[Activity]
The lines below starting at the line containing "Holzstumpf auf beigefarbenem" and ending at the line containing "Sania Mirza Ka" are to be repeated exactly, with both ends kept and nothing else added.

[Task input]
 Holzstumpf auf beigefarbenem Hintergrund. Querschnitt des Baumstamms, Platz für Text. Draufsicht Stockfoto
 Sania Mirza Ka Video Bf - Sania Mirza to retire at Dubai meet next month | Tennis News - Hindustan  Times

---

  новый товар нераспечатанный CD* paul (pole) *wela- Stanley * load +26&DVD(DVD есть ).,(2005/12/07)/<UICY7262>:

* * *

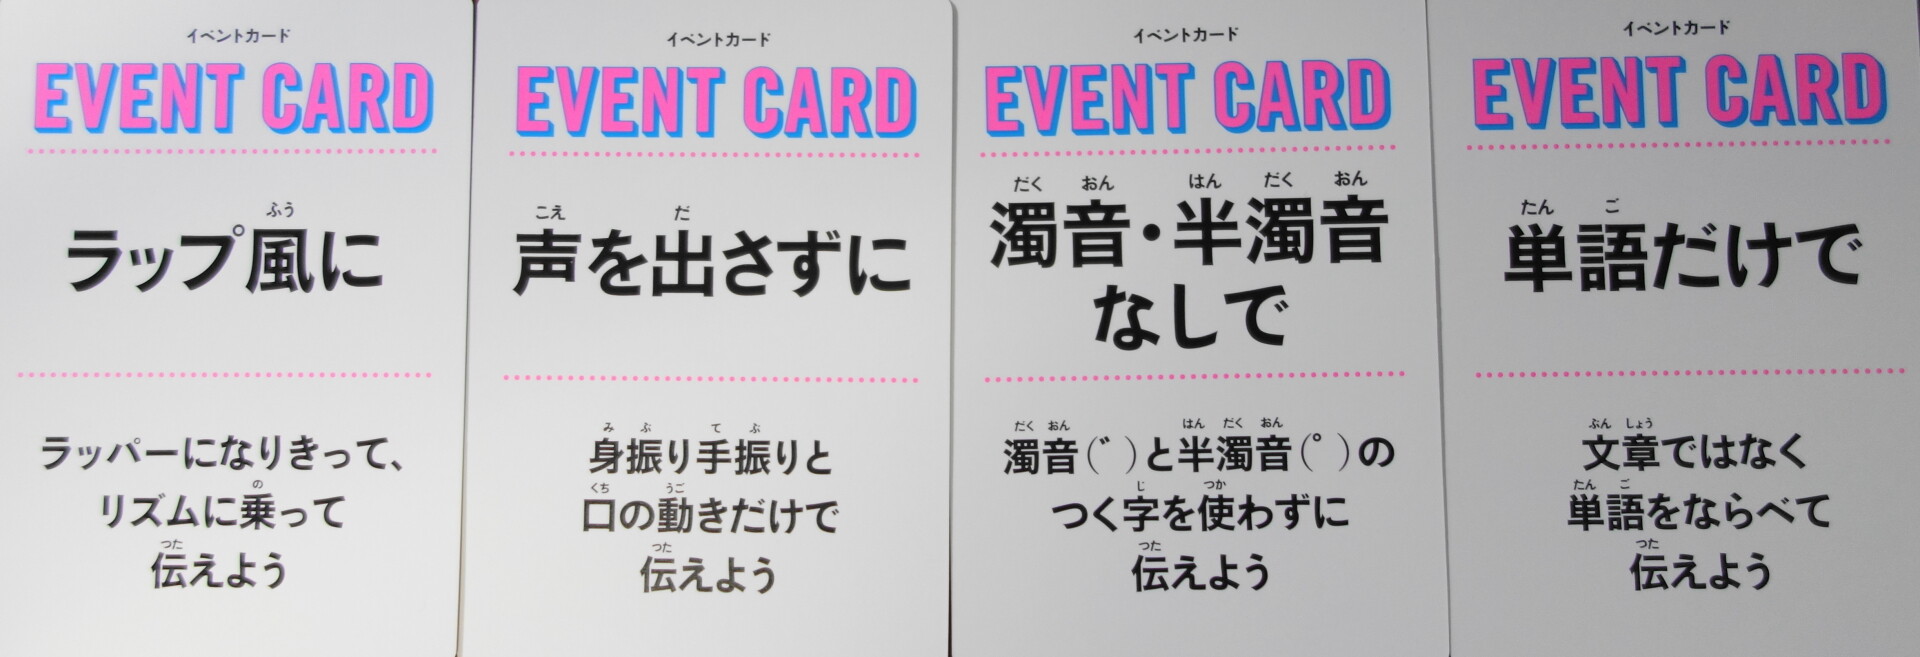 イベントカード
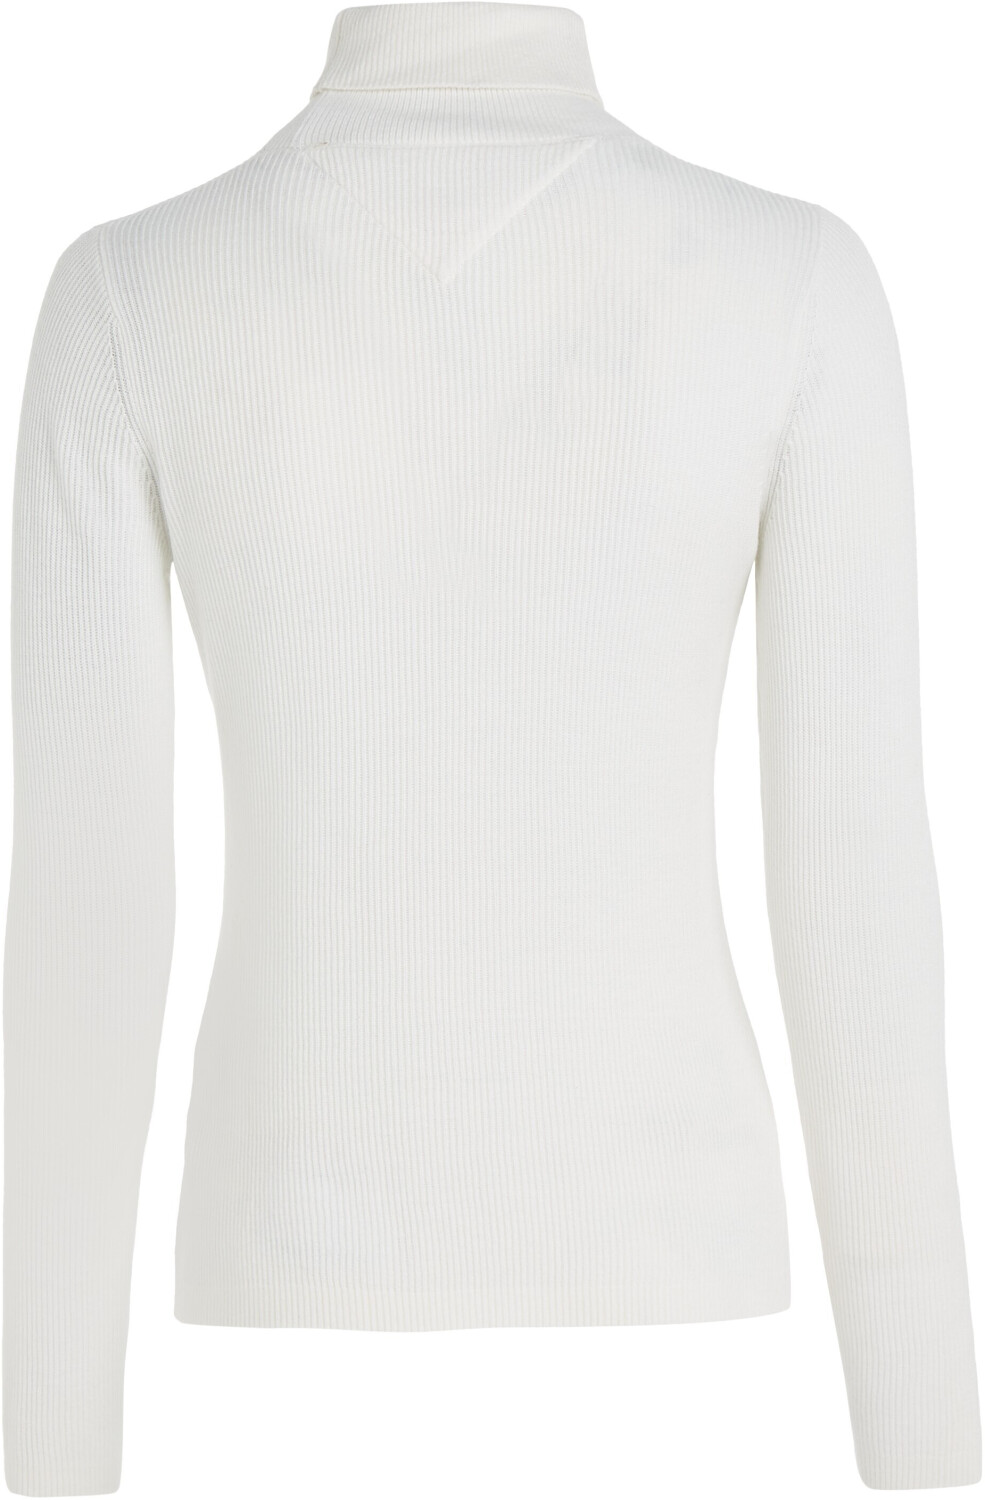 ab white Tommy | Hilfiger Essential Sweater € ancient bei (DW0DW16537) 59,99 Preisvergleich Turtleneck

[Answer to this problem]
 Holzstumpf auf beigefarbenem Hintergrund. Querschnitt des Baumstamms, Platz für Text. Draufsicht Stockfoto
 Sania Mirza Ka Video Bf - Sania Mirza to retire at Dubai meet next month | Tennis News - Hindustan  Times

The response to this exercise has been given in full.